THE CMR WEB RESOURCE
The CMR comparative database contains complete, public bacterial and archaeal genomes, with a web interface that allows for a wide variety of data retrievals pertaining to inter- and intragenomic relationships for comparative genomics, genome diversity and evolutionary studies. Retrievals can be based on a number of different properties, including molecular weight, hydrophobicity, GC-content, functional role assignments and taxonomy. The CMR interface is designed to make it easy for users to create complex database queries using menu-driven web pages. The CMR has special web-based tools to allow analysis using pre-computed homology searches (i.e. All versus All searches generated using BLASTP), whole genome dot-plots, batch downloading and searches across genomes using a variety of data types.
CMR data model
The Omniome is the production database underlying the CMR, and it holds all of the annotation for each of the CMR genomes, including DNA sequences, proteins, RNA genes and many other features. Associated with each of these DNA features in the Omniome are the coordinates, nucleotide and protein sequences (where appropriate), and the DNA molecule and organism with which the feature is associated. Also available are evidence types associated with annotation such as HMMs (TIGRFAMs and Pfams), BLAST, InterPro (14), NCBI COG (15) and PROSITE (16), individual gene attributes and identifiers from other centers such as GenBank and Swiss-Prot/UniProt (17), manually curated information on each genome and the precomputed All versus All searches.
The CMR tools
New users can learn about the functionality and navigation of the CMR website by utilizing the CMR user manual, Frequently Asked Questions and an on-line tutorial, all available off of the CMR home page. In addition, each page on the CMR provides detailed descriptions on the content and usage of the tool under an information icon ‘i’. Over 50 different tools are available on the CMR, broken into seven major categories:
Searches: Searches allow users to find genes, genomes, sequences, or text from data stored in the CMR. Searches to find genes based on annotation (i.e. locus identifier, functional name, gene symbol), alternate accessions (i.e. GenBank, SwissProt), and evidence or role categories (i.e. EC numbers, GO terms, TIGRFAMs, Pfams, Interpro, Prosite, NCBI COGs and JCVI functional role categories) across all genomes in the CMR are available, as are BLAST searches against the CMR database, HMM sequence searches against TIGRFAMs and Pfams, protein motif searches, and the ability to retrieve nucleotide sequence or list of genes between two coordinates.
Genome tools: Genome level information (Figure 2, Genome Tools) includes graphical displays showing genes placed linearly on regions of the chromosome, or as a complete circle. Other pages give overviews of pathways and subsystems utilizing JCVI’s Genome Properties database (18) and KEGG biochemical pathway maps (19). Codon usage tables, GC plots, computer generated 2D gels, restriction digest tools, JCVI functional role category graphs, and tables summarizing information such as average gene size or numbers of coding regions are also available.
Comparative tools: Comparative tools include homolog analyses and genome alignment displays (Figure 2, Comparative Tools). For example, a whole genome alignment between two bacteria using MUMmer (20) can be seen in a dotplot showing all the genes that are homologous between any two genomes the user selects; schematically, one can see large-scale conserved synteny as well as inversions and translocations in this display. Other displays show protein homology across genomes on a whole genome scale, or focus on a particular region of the genome. The Multi-Genome Homology tool calculates and displays homologous proteins across a single reference genome and up to 15 comparison genomes, with a summary of all proteins unique to the reference and in common with the comparison genomes.

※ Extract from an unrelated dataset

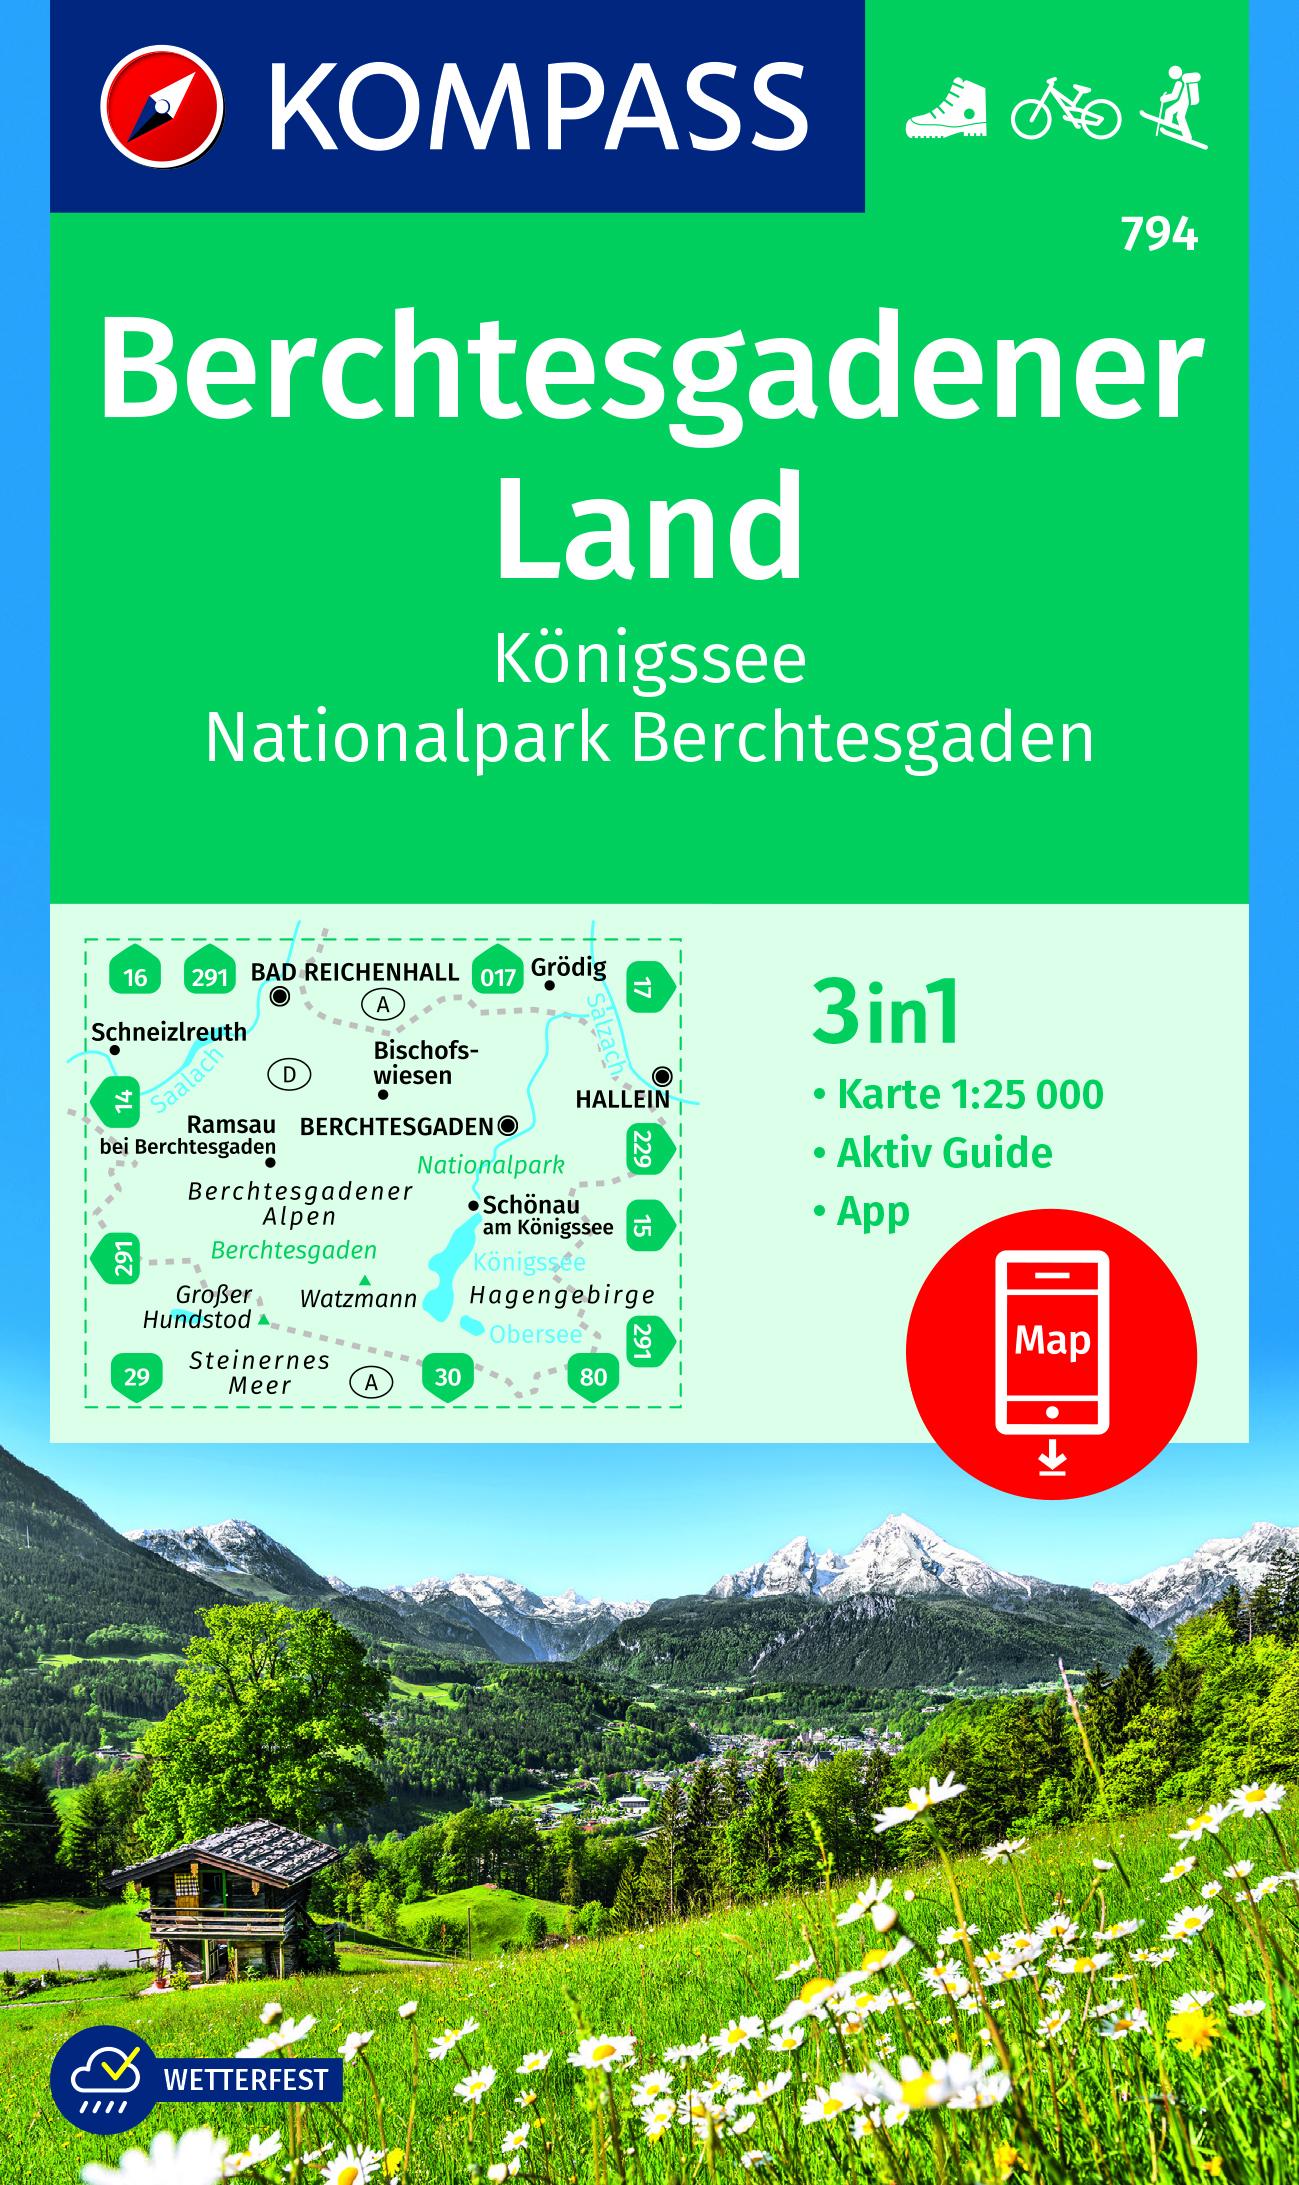 Berchtesgadener Land Karte.Kompass Karte 794 Berchtesgadener Land 1 25 000 Wandern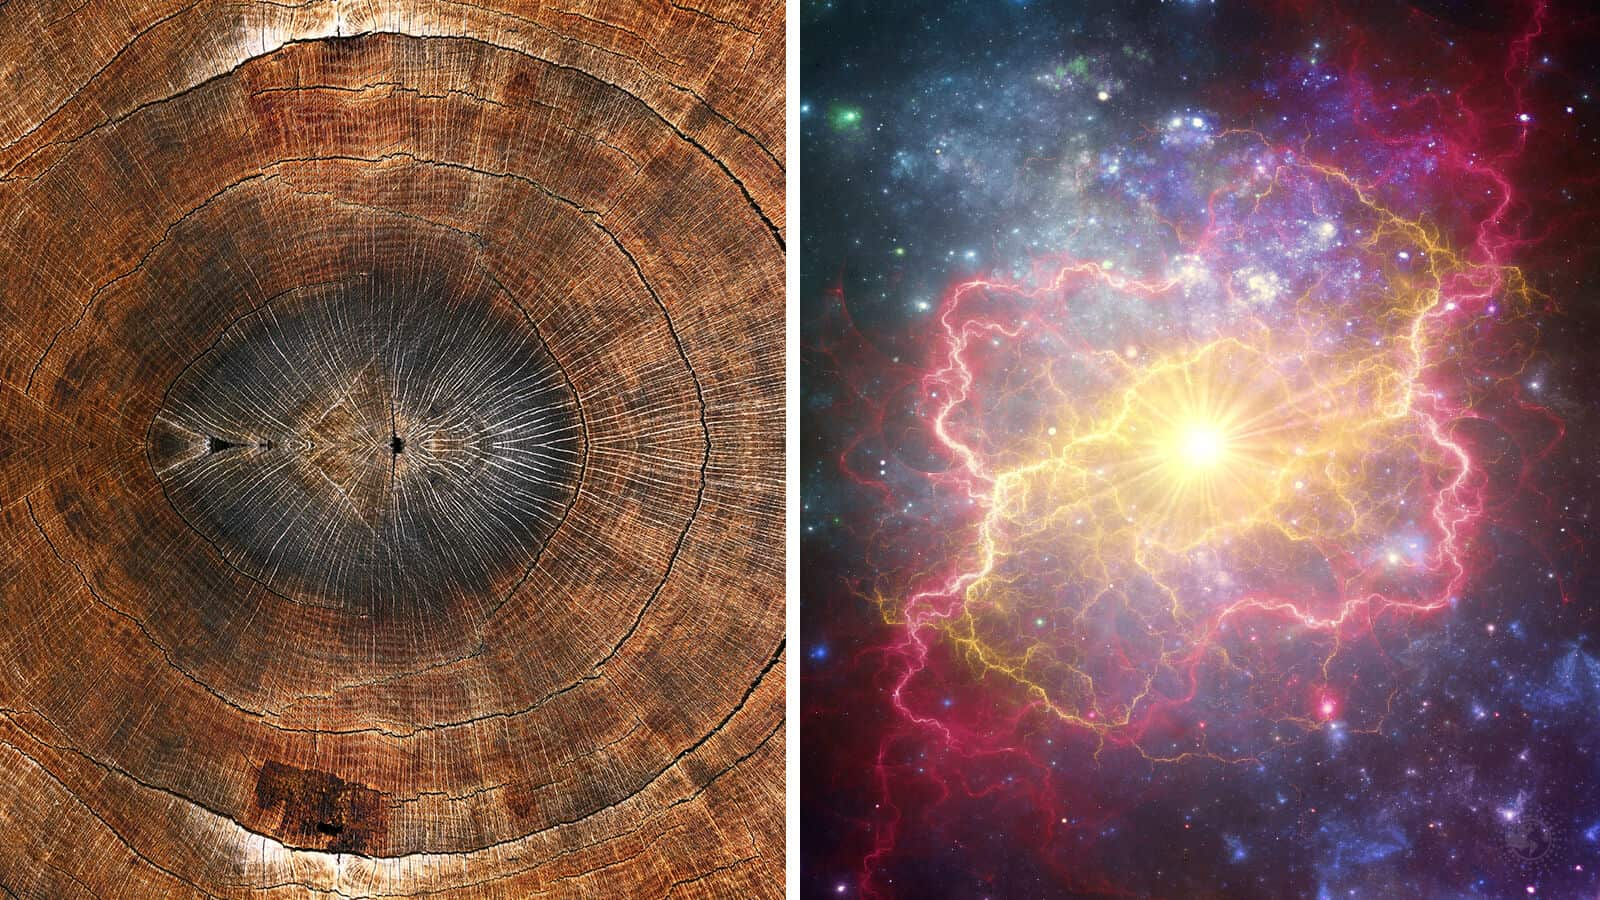 supernova activity

The Region Comparison tool aligns the overall best matching regions from other genomes to a user selected reference region.
Lists: The three main categories of lists available are gene lists (e.g. all genes by JCVI functional role category), lists of other genomic elements (e.g. all RNAs in a genome, all intergenic regions in a genome) and evidence lists (e.g. lists of all EC numbers, TIGRFAMs, Pfams and NCBI COGs in the CMR).
Downloads: Both Batch Download and the Gene Attribute Download tools are available. The Batch Download allows users to get a FASTA file of the nucleotide or protein sequence for a set of genes. The Gene Attribute Download allows users to download over 20 different gene attributes (e.g. coordinates, gene symbol, product name, EC number, GenBank ID) for a set of genes. To select genes for these tools the user can upload a list of accessions or select all genes from an organism and/or JCVI functional role category.
Carts: Two carts are currently available, a Genome Cart and a Gene Cart. The Genome Cart allows users to choose their genomes of interest; these genomes are then preselected when a user comes to an organism selection menu. The Gene Cart allows users to select genes of interest while perusing the CMR and for use in later retrievals. Users can select genes into the Gene Cart from any CMR page that shows a list of genes; selected genes can be viewed and downloaded using the Batch Download and Gene Attribute Download tools from the Gene Cart page.
Gene pages: At the gene level (Figure 2, Gene Page Tools), users are able to view the annotation given to the gene both from the primary and automatic annotation including the product name, gene symbol, EC number, GO terms, JCVI functional role category assignment, DNA sequence and protein sequence. Users may view the TmHMM profile, links to other resources such as UniProt and GenBank, secondary structure, third position GC-Skew and many other displays.
CMR use cases
A review of articles referencing the CMR indicates a variety of use cases. Researchers retrieve gene sequences (21–23), download whole genomes (24) and BLAST against the CMR sequence databases (25). Many scientists use the CMR to provide JVCI functional role category classification across one or more organisms (26–30), showing the importance of having the standard functional classification across all genomes that the CMR provides. The CMR is used for functional classification of genes on microarrays (29) and for microarray design (31). Identifying codon usage and tRNA gene copy number (32), operon identification to provide a genomic link between genes to support laboratory results (33), and the identification of novel genes not called in the original GenBank annotation (34) are other ways the CMR is aiding researchers.
Scientists are using the CMR for comparative genomics including the analysis of potential intragenome transfers with the Multi Genome Homology tool (35), analysis of flanking DNA using the Region View tool (36) and identification of proteins in other bacteria that are similar to a test set using the Genomes Region Comparison tool (37).
CMR updates
New genomes are added to the CMR two to four times per calendar year. Genomes released at GenBank since the last update are downloaded and put through automated annotation and added to the CMR database, the Omniome. JCVI genomes published or released to GenBank since the last update are added to the Omniome, and All versus All homology searches are performed on all genomes. These precomputed BLASTP searches are used throughout the CMR for comparative analysis. Once all data in the Omniome is validated by a series of consistency checks it is tagged and released to the CMR website as a versioned data update. New releases are advertised on the CMR home page.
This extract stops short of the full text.